Славой Жижек - Год невозможного. Искусство мечтать опасно
Здесь показан радикальный вывод, к которому приводит логика Партии Порядка. Точно так же, как единственным общим знаменателем всех роялистских фракций является республиканство, так единственным общим знаменателем всех классов является экскрементальный излишек, мусор, отбросы всех классов. То есть до тех пор, пока лидер воспринимает себя стоящим над классовыми интересами, его непосредственной классовой базой может быть лишь экскрементальный остаток всех классов, отвергаемый не-класс всех классов. И, как продолжает Маркс в другом пассаже, именно поддержка со стороны «общественных отбросов» позволила Бонапарту менять свою позицию так, как ему было нужно, выступая поочередно от лица каждого класса против всех остальных [17]: «Народ должен иметь работу. Предпринимаются общественные работы. Но общественные работы увеличивают налоговое бремя народа. Стало быть, надо понизить налоги, наложив руку на доходы рантье путем конверсии 5-процентной ренты в 4-процентную. Но буржуазии надо снова подсластить пилюлю; поэтому налог на вино удваивается для народа, покупающего вино en detail [18], и уменьшается вдвое для пьющего en gros [19] среднего класса. Существующие рабочие ассоциации распускаются, но зато правительство обещает чудеса с ассоциациями в будущем. Нужно помочь крестьянам. Учреждаются ипотечные банки, усиливающие задолженность крестьян и концентрацию собственности. Но этими банками нужно воспользоваться для того, чтобы выжать деньги из конфискованных имений дома Орлеанов. Ни один капиталист не соглашается, однако, на последнее условие, которого нет в декрете, — и ипотечный банк остается лишь декретом, и т. д. и т. д.
Бонапарту хотелось бы играть роль патриархального благодетеля всех классов. Но он не может дать ни одному классу, не отнимая у другого. Подобно герцогу Гизу, слывшему во время Фронды самым обязательным человеком во Франции, потому что он превратил все свои имения в долговые обязательства своих сторонников на себя, и Бонапарт хотел бы быть самым обязательным человеком во Франции и превратить всю собственность, весь труд Франции в долговое обязательство на себя лично. Ему хотелось бы украсть всю Францию, чтобы подарить ее Франции» {26}.

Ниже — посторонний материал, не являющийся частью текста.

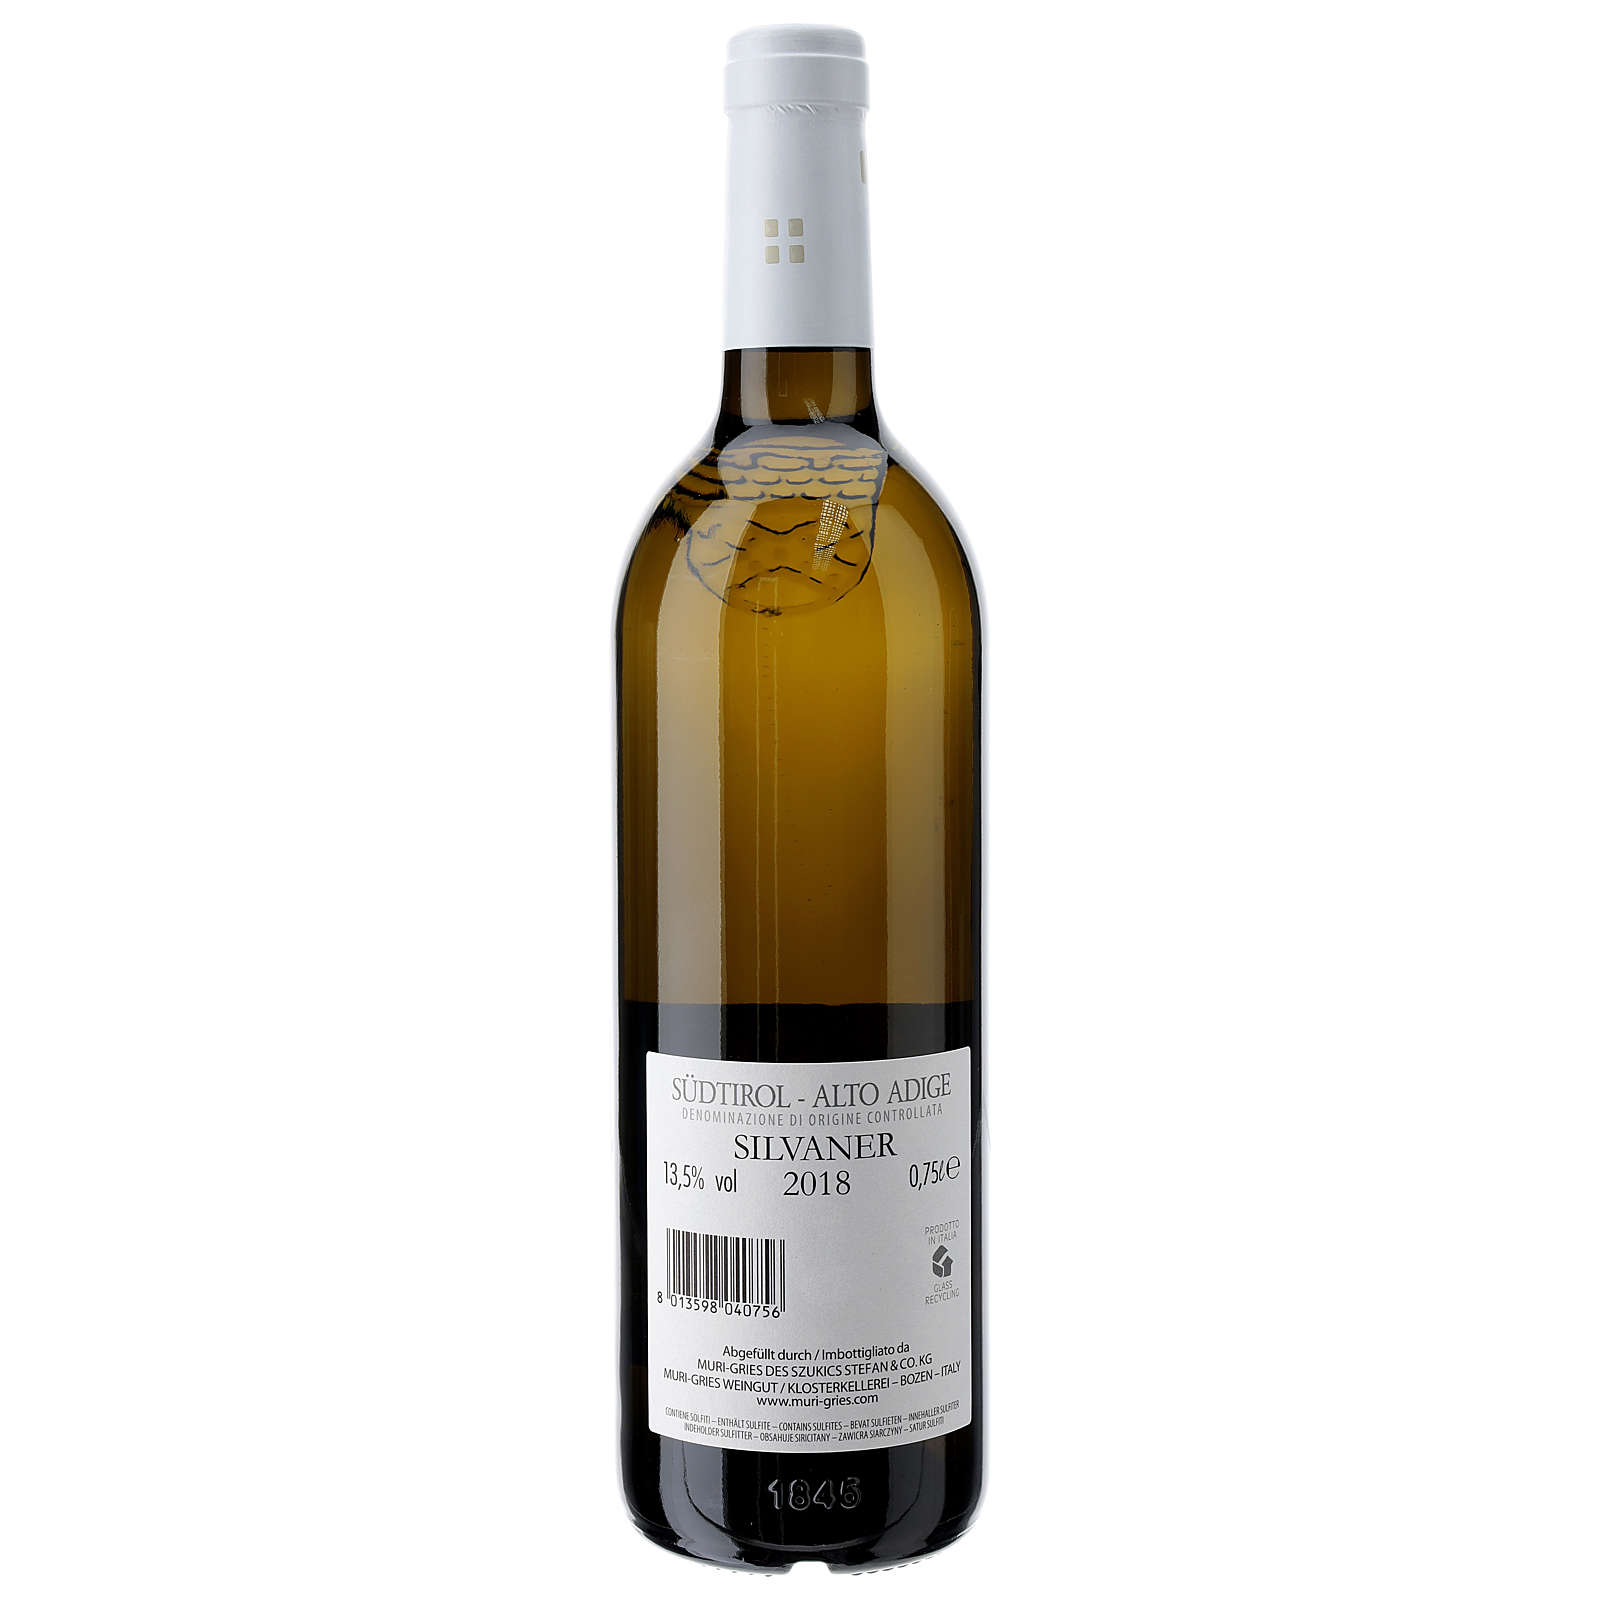 Vinho Silvaner DOC 2018 Abadia Muri Gries 750 ml 3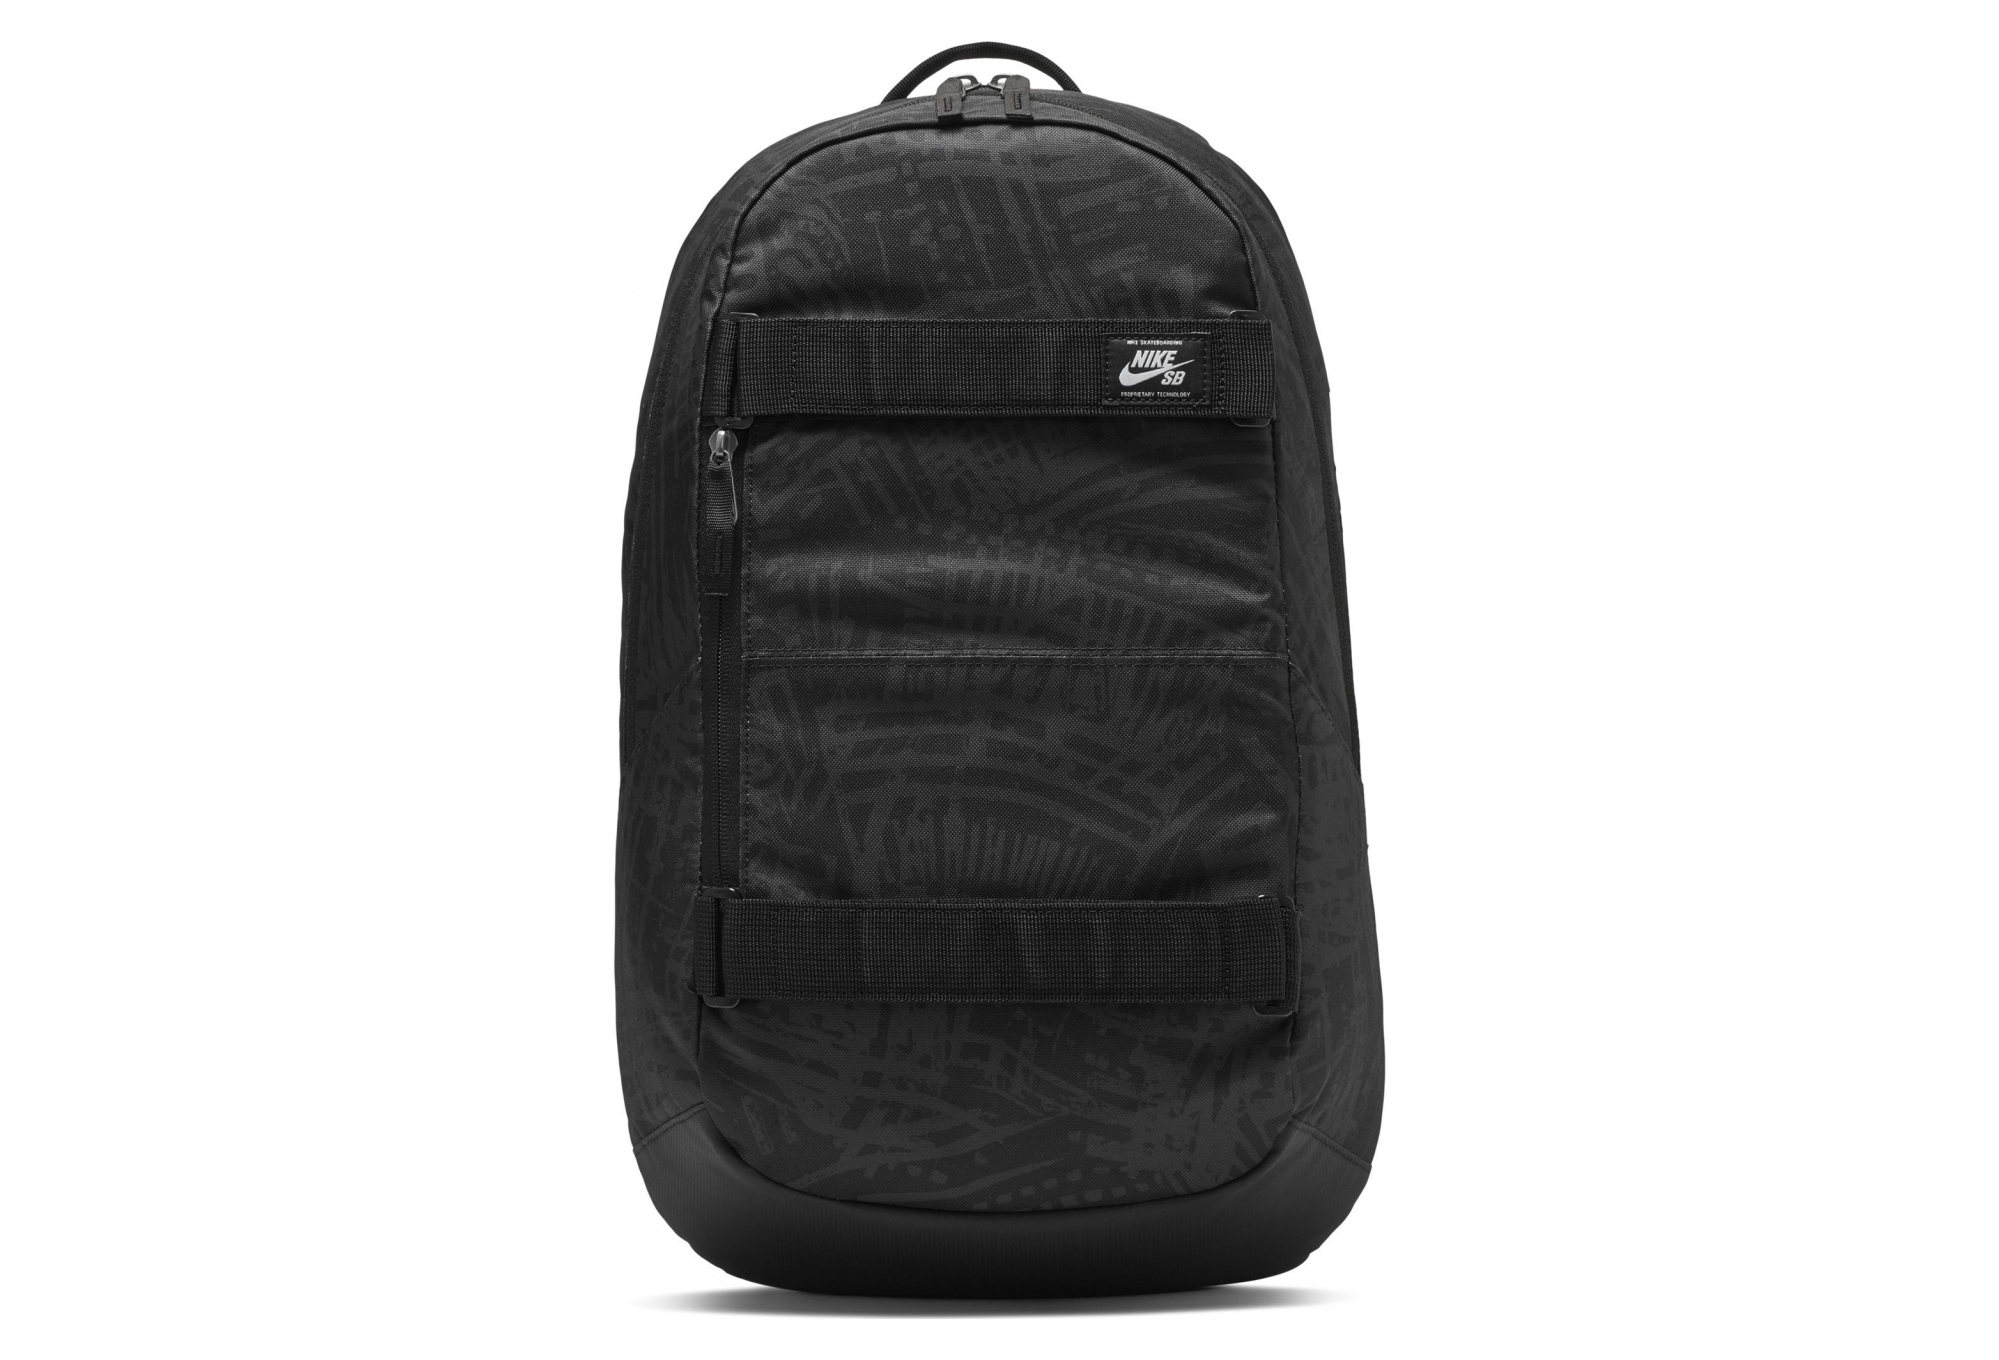 Nike SB Courthouse Backpack BLACK/BLACK/WHITE

Мы оказываемся здесь в тупике «Всего»: если «все» (классы) должны быть политически представлены, то тогда структура должна быть как в «le jeu du furet» («игре в хорька»), в которой игроки, садящиеся кругом позади одного из них, быстро передают из рук в руки у себя за спиной «хорька»; игрок в центре должен угадать, у кого «хорек» оказался в руках. Если он отгадывает правильно, он меняется местами с тем игроком, у кого «хорька» удалось обнаружить. (В английском варианте игроки кричат: «Пуговица, пуговица, кому досталась пуговица?») Однако это не все. Чтобы эта система функционировала, то есть чтобы Луи Наполеон стоял над классами, а не действовал как прямой представитель какого-либо класса, ему недостаточно локализовать непосредственную основу своего режима в отбросе/остатке всех классов. Ему нужно также действовать как представителю одного особого класса, а именно того, который недостаточно конституировался, чтобы действовать в качестве единой силы, требуя активного представительства. Такой класс людей, которые не могут репрезентировать себя и могут быть только репрезентированы — это, конечно, класс крестьян — мелких держателей наделов. «Парцельные крестьяне составляют громадную массу, члены которой живут в одинаковых условиях, не вступая, однако, в разнообразные отношения друг с другом. Их способ производства изолирует их друг от друга, вместо того чтобы вызывать взаимные сношения между ними. /…/ Они поэтому неспособны защищать свои классовые интересы от своего собственного имени, будь то через посредство парламента или через посредство конвента. Они не могут представлять себя, их должны представлять другие. Их представитель должен вместе с тем являться их господином, авторитетом, стоящим над ними, неограниченной правительственной властью, защищающей их от других классов и ниспосылающей им свыше дождь и солнечный свет. Политическое влияние парцельного крестьянства в конечном счете выражается, стало быть, в том, что исполнительная власть подчиняет себе общество» {27}.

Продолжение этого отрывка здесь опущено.